Swamp Thing & Animal Man – The End of Rotworld

A major story line that’s ran concurrently across two DC books ended last week. Swamp Thing and Animal Man were both relaunched with DC’s New 52 initiative in September ’11. On a side note, people need to stop putting ‘New’ in titles. New Super Mario Bros came out in ’06. New Kids on the Block are in their 40’s. Just don’t.

Swamp Thing has been around since the early 1970’s, and has largely been kept in his own world (outside of DCU proper). While many writers have taken a shot at the character, the most prolific story was written by Alan Moore. This is typically the quintessential version. During this run Moore created John Constantine, lead of the Hellblazer series, which sadly recently ended with issue #300.

Animal Man had a similar history. Unlike Swamp Thing, Animal Man spent most of his time in DCU, but had a few series on his own. This character also had a defining run from Grant Morrison, another crazy UK writer. Seriously Moore and Morrison have tackled (separately) some heady concepts (I dare you to explain Final Crisis to me).

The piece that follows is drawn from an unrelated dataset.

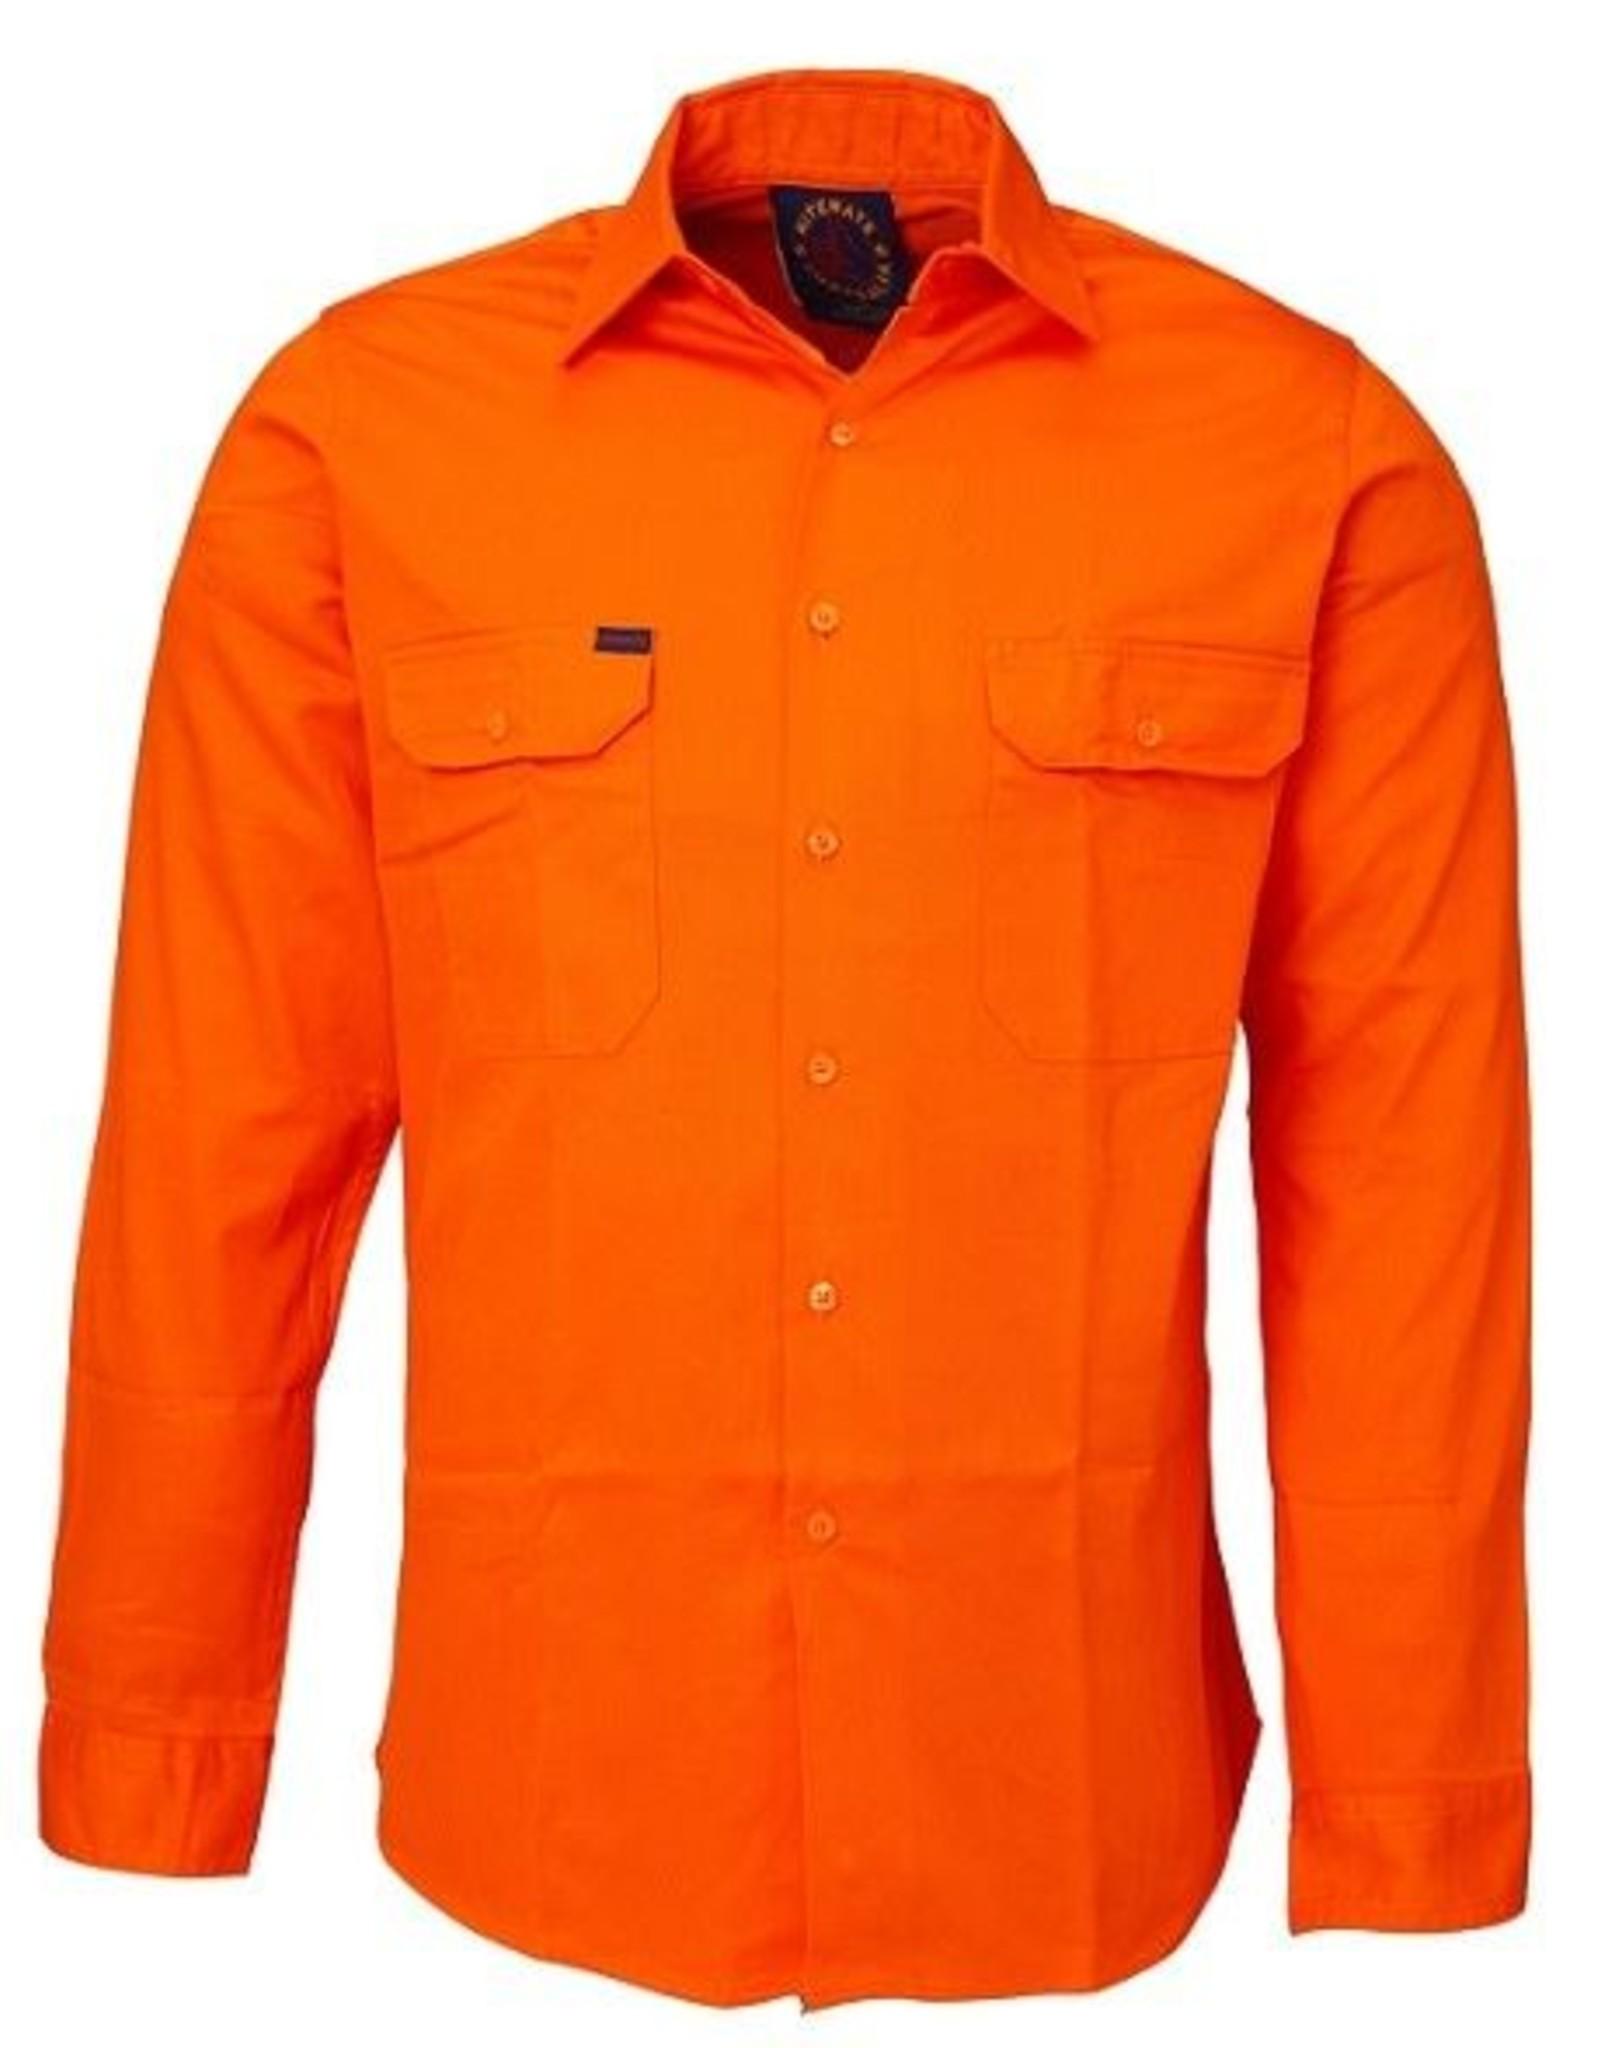 Ritemate Ritemate RM1000 Cotton Twill LS Work Shirt

Cultivating from Moore and Morrison’s previous work (with a sprinkling of a few others), Scott Snyder and Jeff Lemire took on Swamp Thing and Animal Man respectively. Not ignoring the characters histories, they set up a new status quo and dynamic. Both series were very much horror books. There are three forces of nature, the green, the red, and the rot. Each has their own avatar. The green is for all plant life, with Alec Holland serving as the current Swamp Thing. The red is for life, only Buddy Baker (Animal Man), is not the avatar. Through a very creepy scene at the end of issue one we see his 5 year old daughter is the avatar, and Buddy is granted power to protect her until she comes of age.

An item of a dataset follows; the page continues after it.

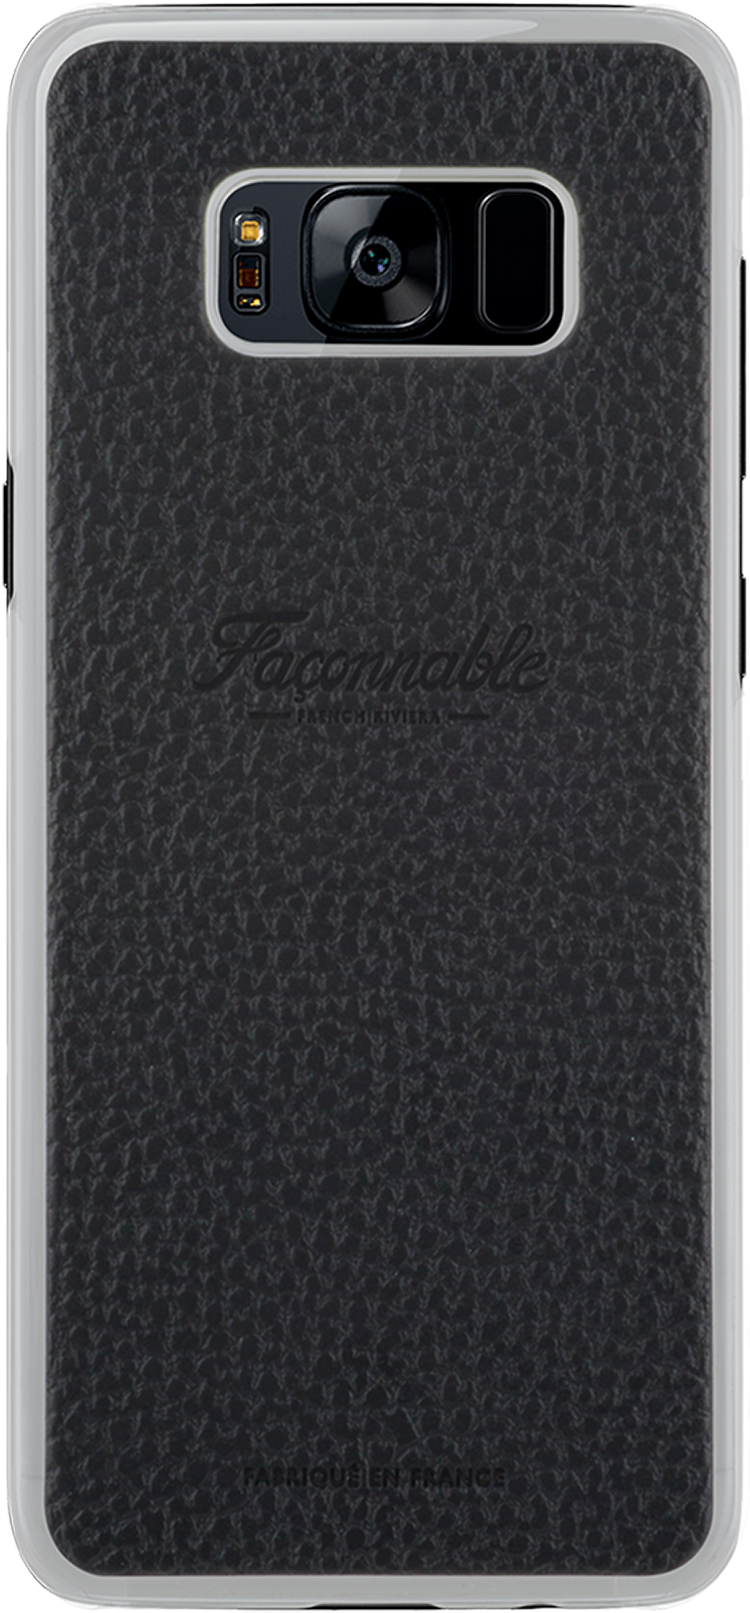 FACONNABLE Hard Case French Riviera (Black) - Packshot

Anton Arcane, the original Swamp Thing villain, is the avatar of the rot (death and decay). None of these forces are innately evil, they exist, and their must be balance. Arcane, abusing his position, tries to kill the red and the green, creating a world of death and decay. Over 18 issues for both series, we see his plan come to fruition, and how Swamp Thing and Animal Man eventually prevail.

Some felt that the overall story meandered in the third act (the last 4 issues or so). I didn’t have this issue. What really stuck out to me was the art. Yanick Paquette handled Swamp Thing. We were treated to many gorgeous two page spreads, constantly breaking the panel grids. Sadly, he couldn’t keep up with the monthly grind meaning every 5 issues or so we’d see a fill in artist. Most were serviceable, doing their best to emulate Paquette, but issue 17 (the penultimate issue) suffered from very poor art.


Animal Man had even more tumultuous art problems. Travel Foreman wonderfully set the tone on the first 8 issues. Sadly, due to personal issues, he couldn’t handle drawing a horror book any longer. Art duties were mostly split after across each issue after. They tried to emulate the original before doing their own style. None of it really worked for me since then. With the conclusion of Rotworld, Snyder has left Swamp Thing, almost guaranteeing the book’s cancellation as many subscribers will jump ship with him (how do you follow that act?). Lemire is still continuing on with Animal Man.


I have no idea how they would begin to collect this story line considering the constant interweaving. I hope for some grand omnibus one day but that probably won’t happen. Both books have been a good ride. If either character sounds enticing I highly recommend the easily accessible runs from Moore or Morrison.

Did you enjoy Rotworld? Did you know it existed before today? Don’t lie to me, I’ll know. Comment or tweet!

When did I start doing this?


7 responses to “Swamp Thing & Animal Man – The End of Rotworld

  1. Animal Man is the best New 52 series (along with Vibe).
    What makes Animal Man so special is the way Lemire deconstructs the superhero mythology. For example:
    1) Superheroes tend to monopolize the attention of the reader, while Animal Man is constantly upstaged by the supporting characters of the series.
    2) Superhero comics usually don’t give much importance to the private life of their main character (they tend to focus only on the “costume on” part); in Animal Man, on the contrary, the private life of Buddy is the main theme of the series. In fact, it is rather infrequent to see Buddy with his costume on.
    3) Buddy is not perfect, and is not perceived as perfect by other people: in fact, in the 11th issue, when he tells his wife “It’s going to be okay”, she replies “Don’t give me anything of that superhero crap, Buddy.” That cut and thrust perfectly enlightens the philosophy of the series.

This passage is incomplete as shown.